DATA:
· · · · · · ·
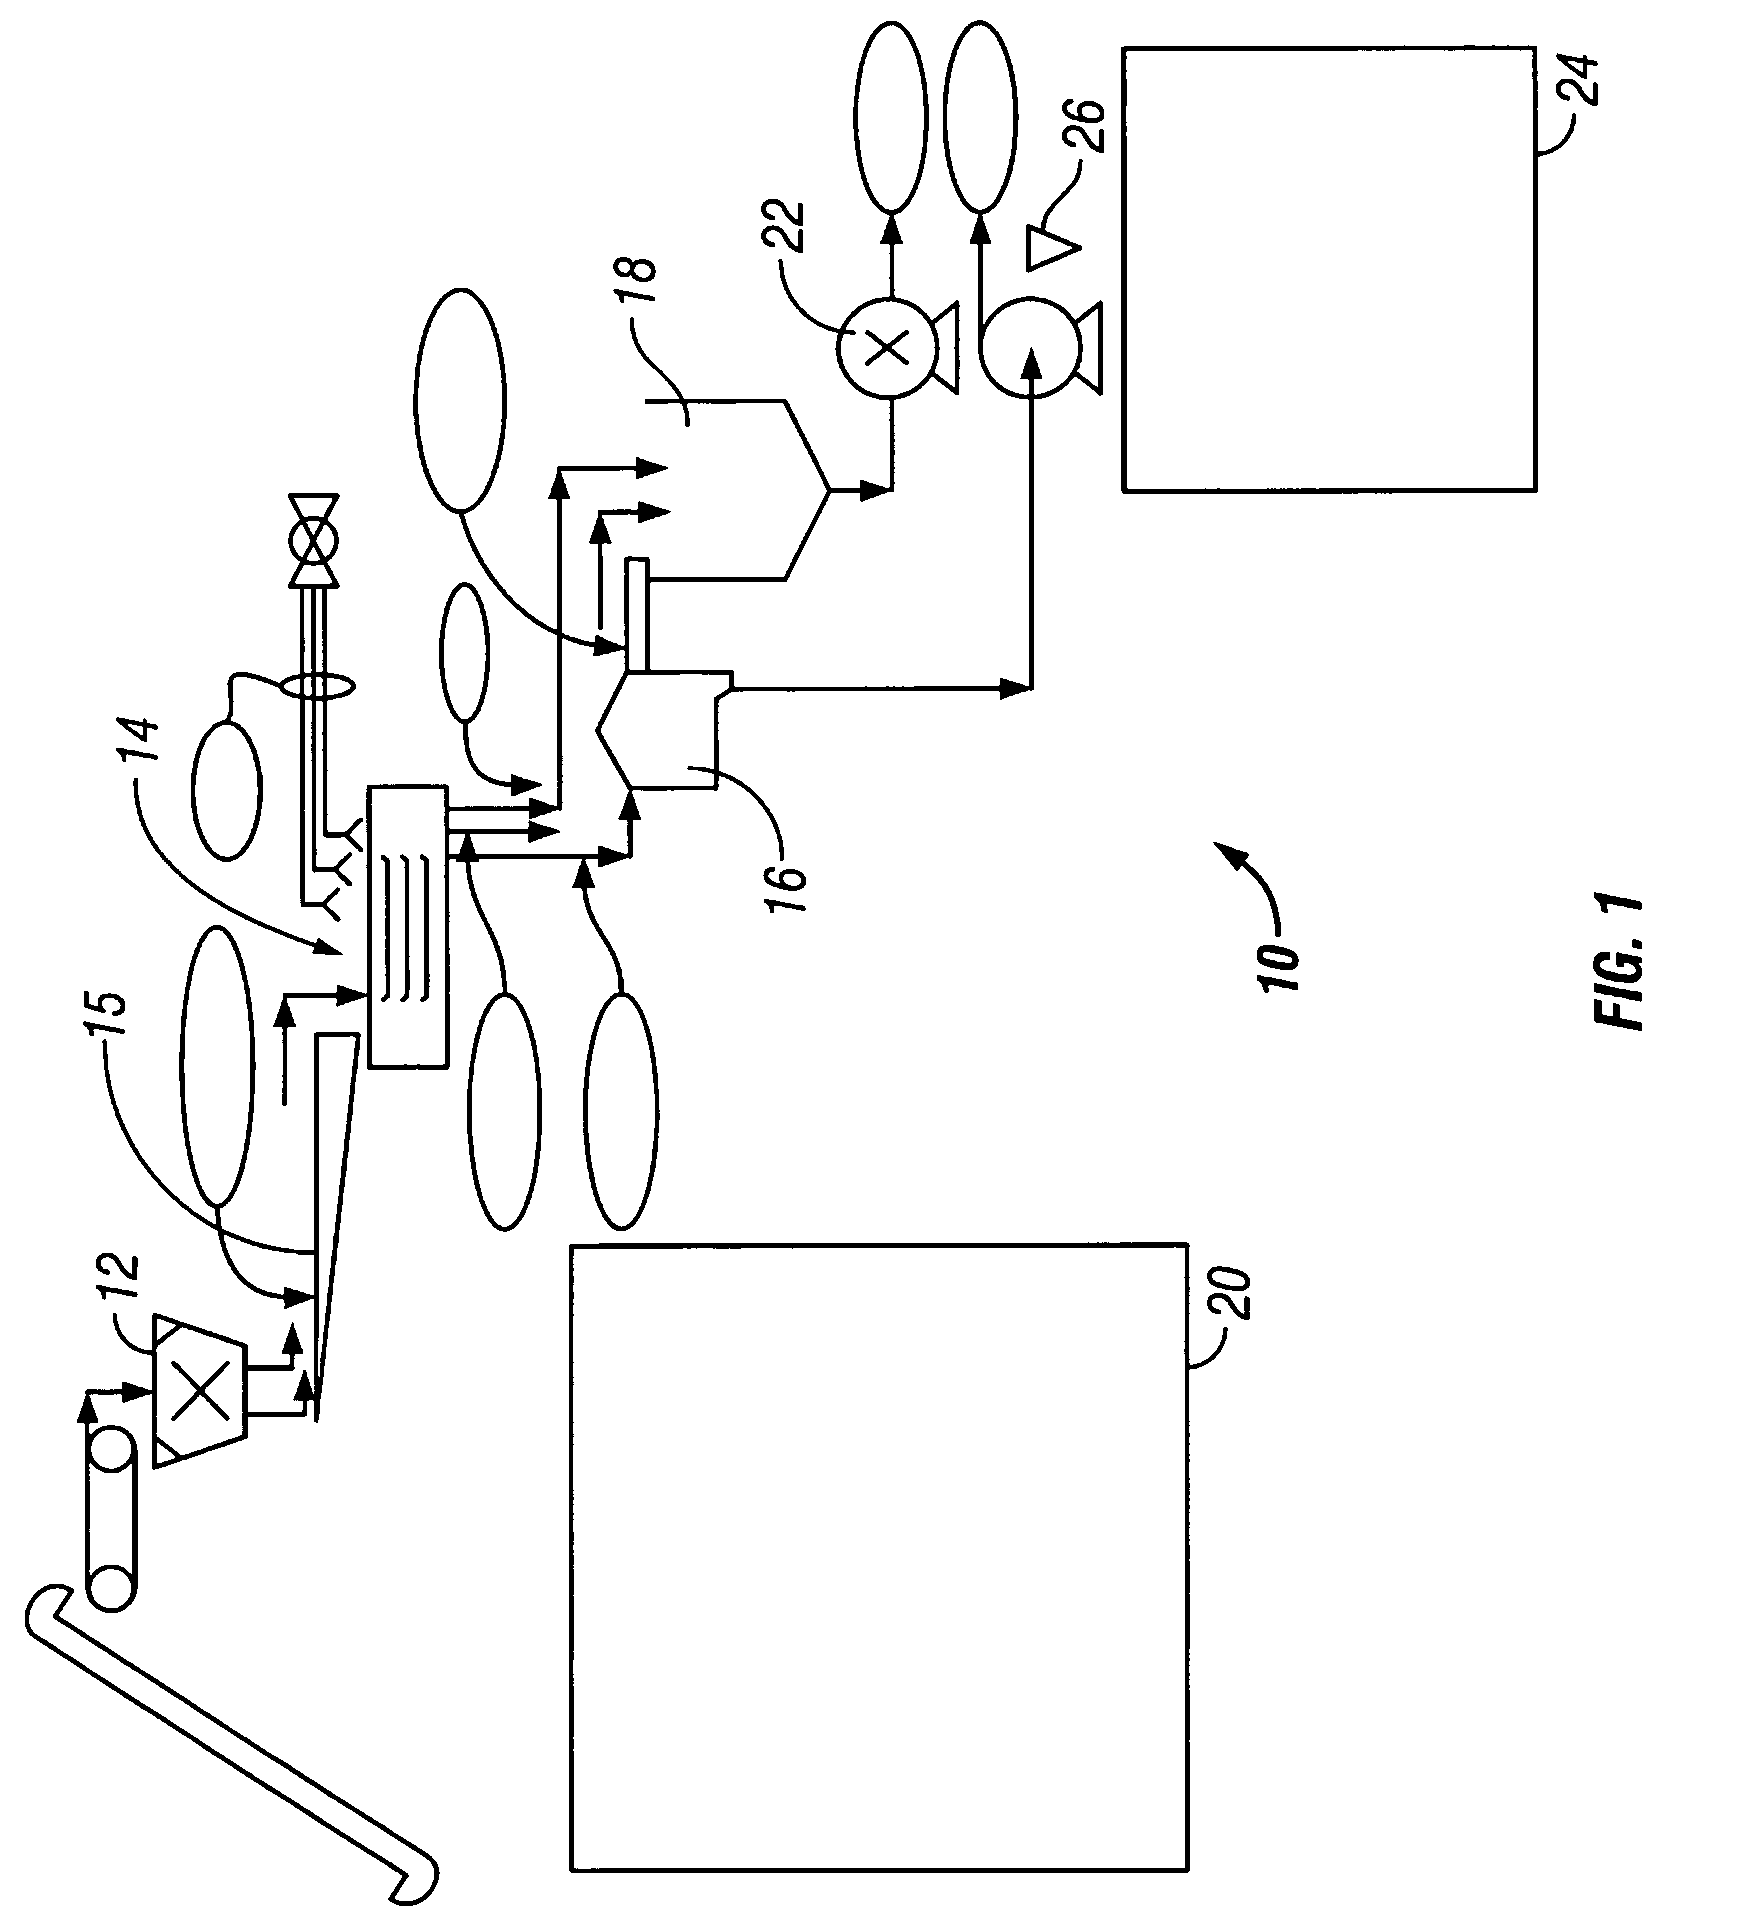 Method for processing tomatoes for the production of chunk tomato products
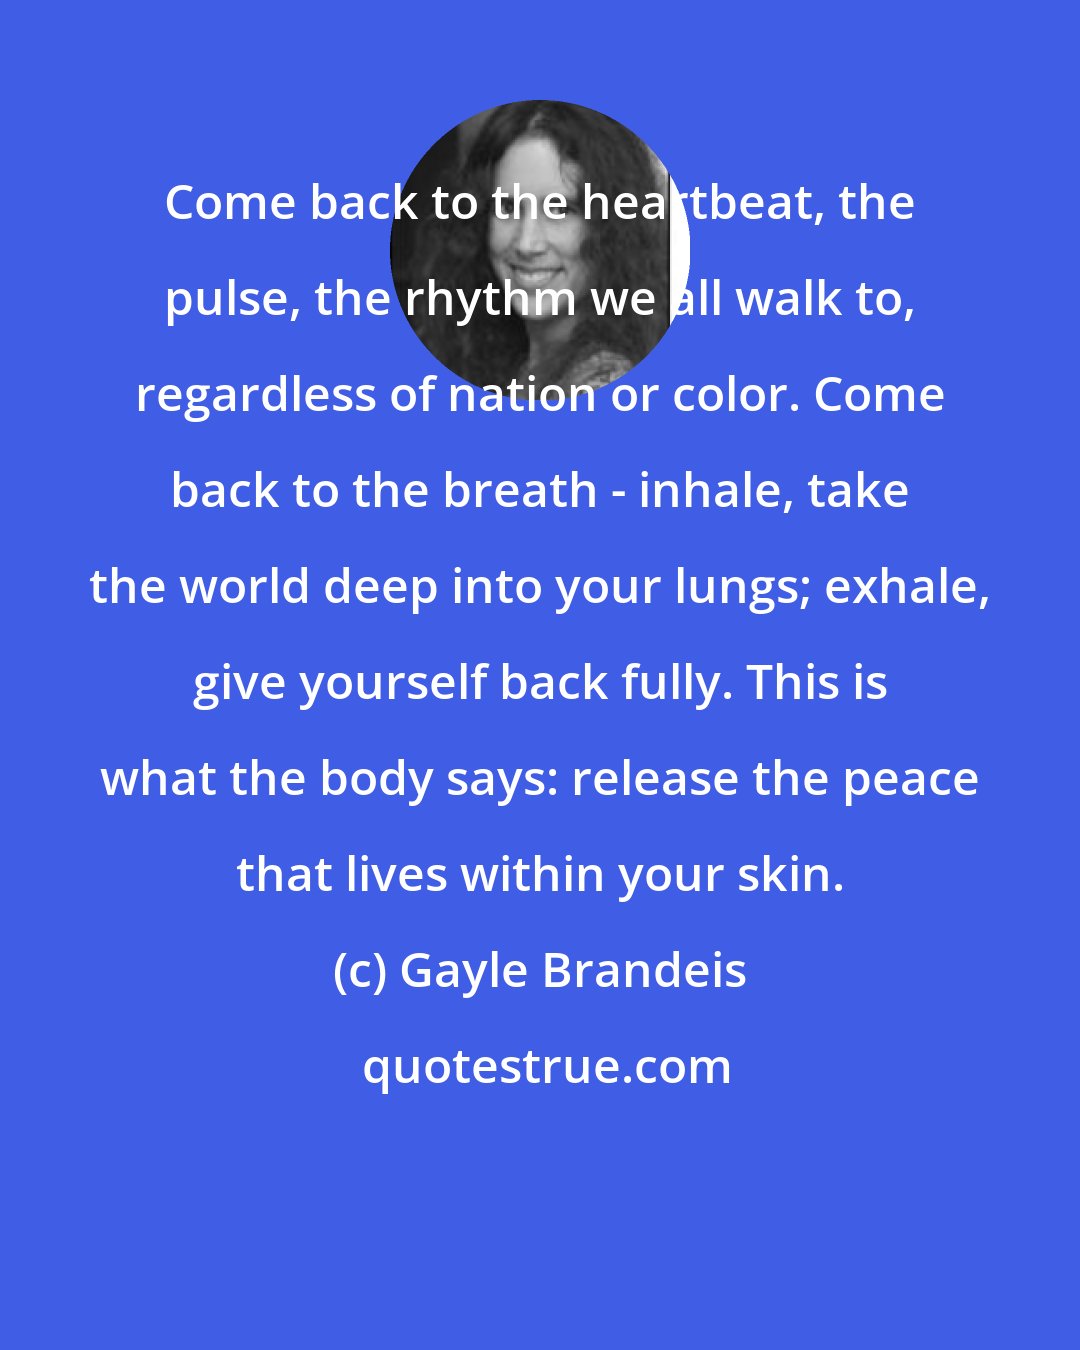 Gayle Brandeis: Come back to the heartbeat, the pulse, the rhythm we all walk to, regardless of nation or color. Come back to the breath - inhale, take the world deep into your lungs; exhale, give yourself back fully. This is what the body says: release the peace that lives within your skin.
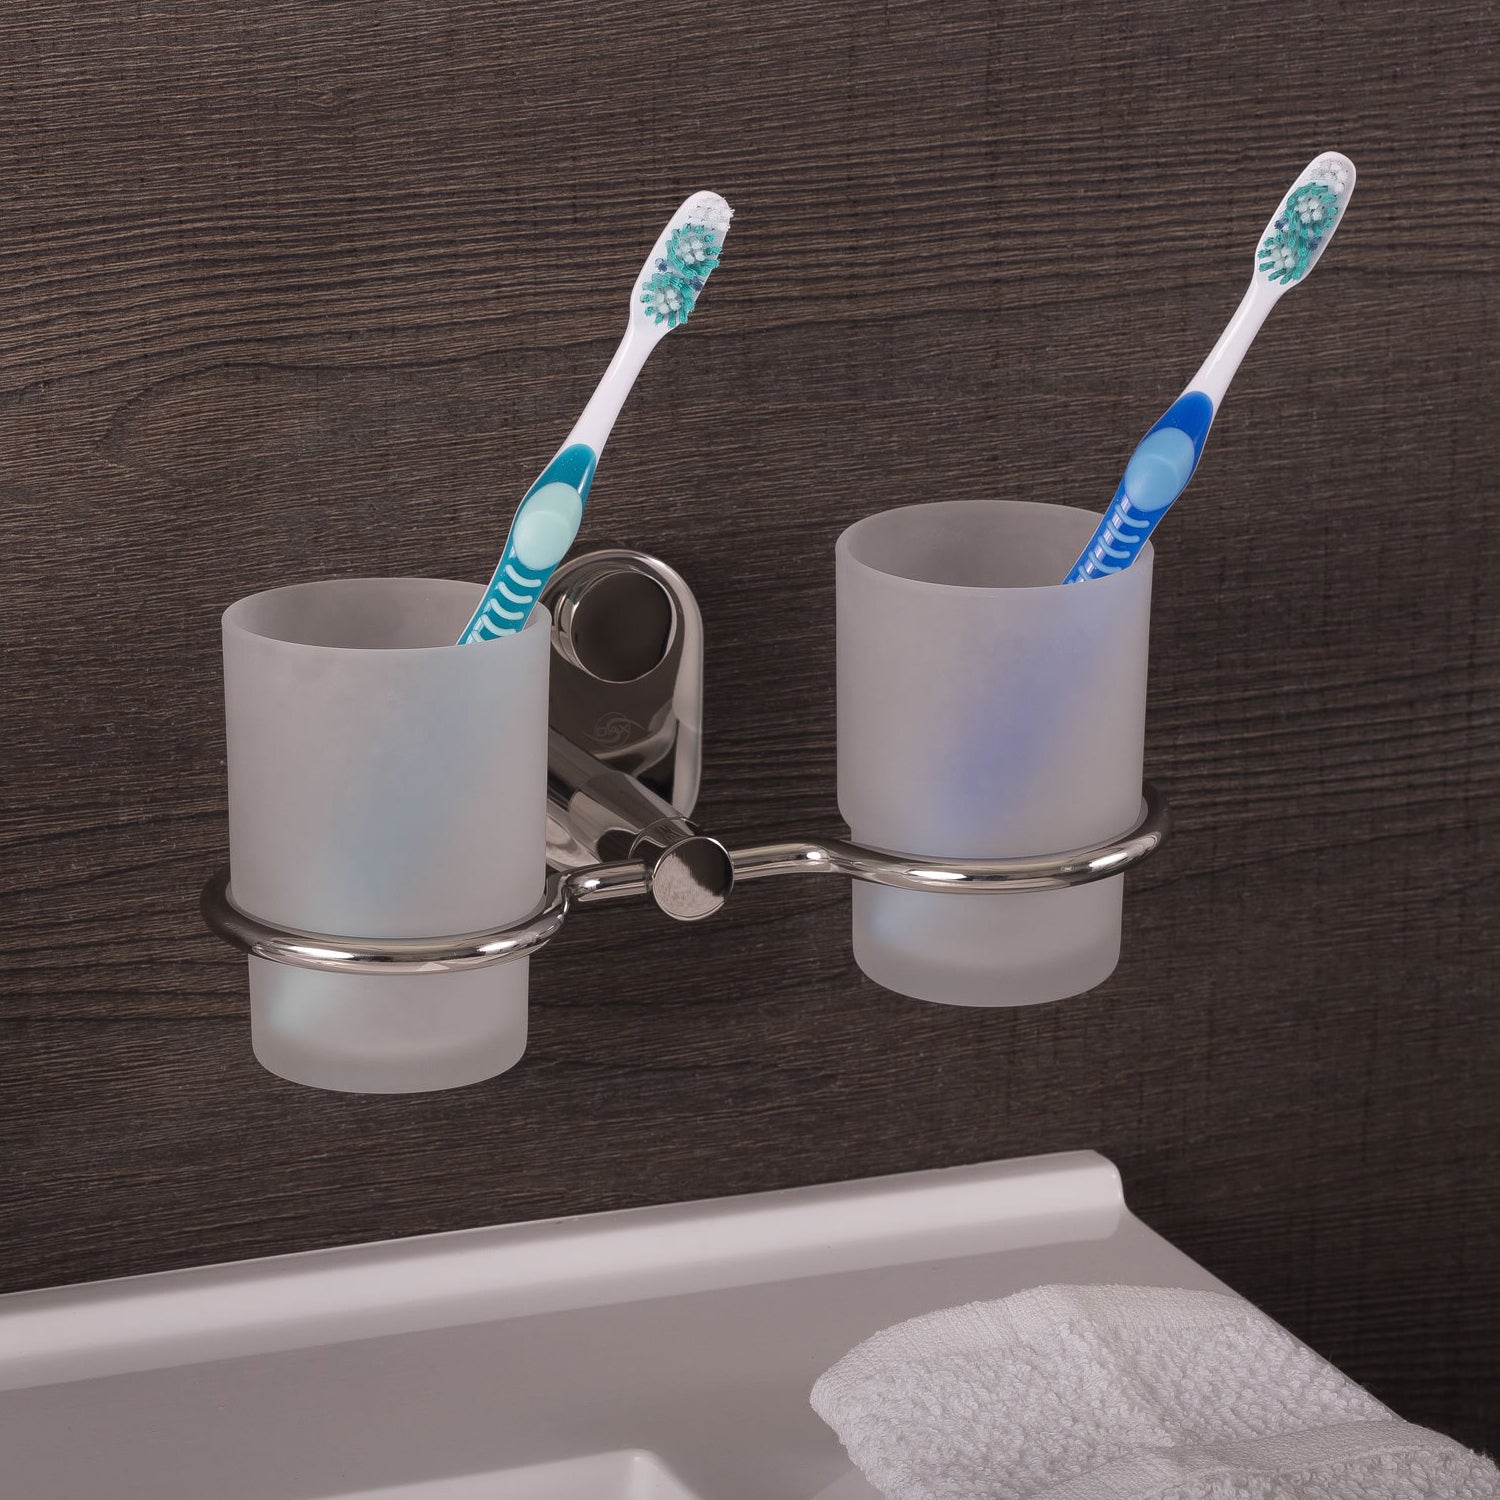 DAX Bathroom Double Tumbler Toothbrush Holder, Wall Mount Stainless Steel with Glass Cup, Polish Finish, 8-1/4 x 3-3/4 x 4-1/8 Inches (DAX-G0214-P)
· · · · · · ·
The pictures stay out; copy the rest of the data word for word.

 Method for processing tomatoes for the production of chunk tomato products
 Gayle Brandeis: Come back to the heartbeat, the pulse, the rhythm we all walk to, regardless of nation or color. Come back to the breath - inhale, take the world deep into your lungs; exhale, give yourself back fully. This is what the body says: release the peace that lives within your skin.
 DAX Bathroom Double Tumbler Toothbrush Holder, Wall Mount Stainless Steel with Glass Cup, Polish Finish, 8-1/4 x 3-3/4 x 4-1/8 Inches (DAX-G0214-P)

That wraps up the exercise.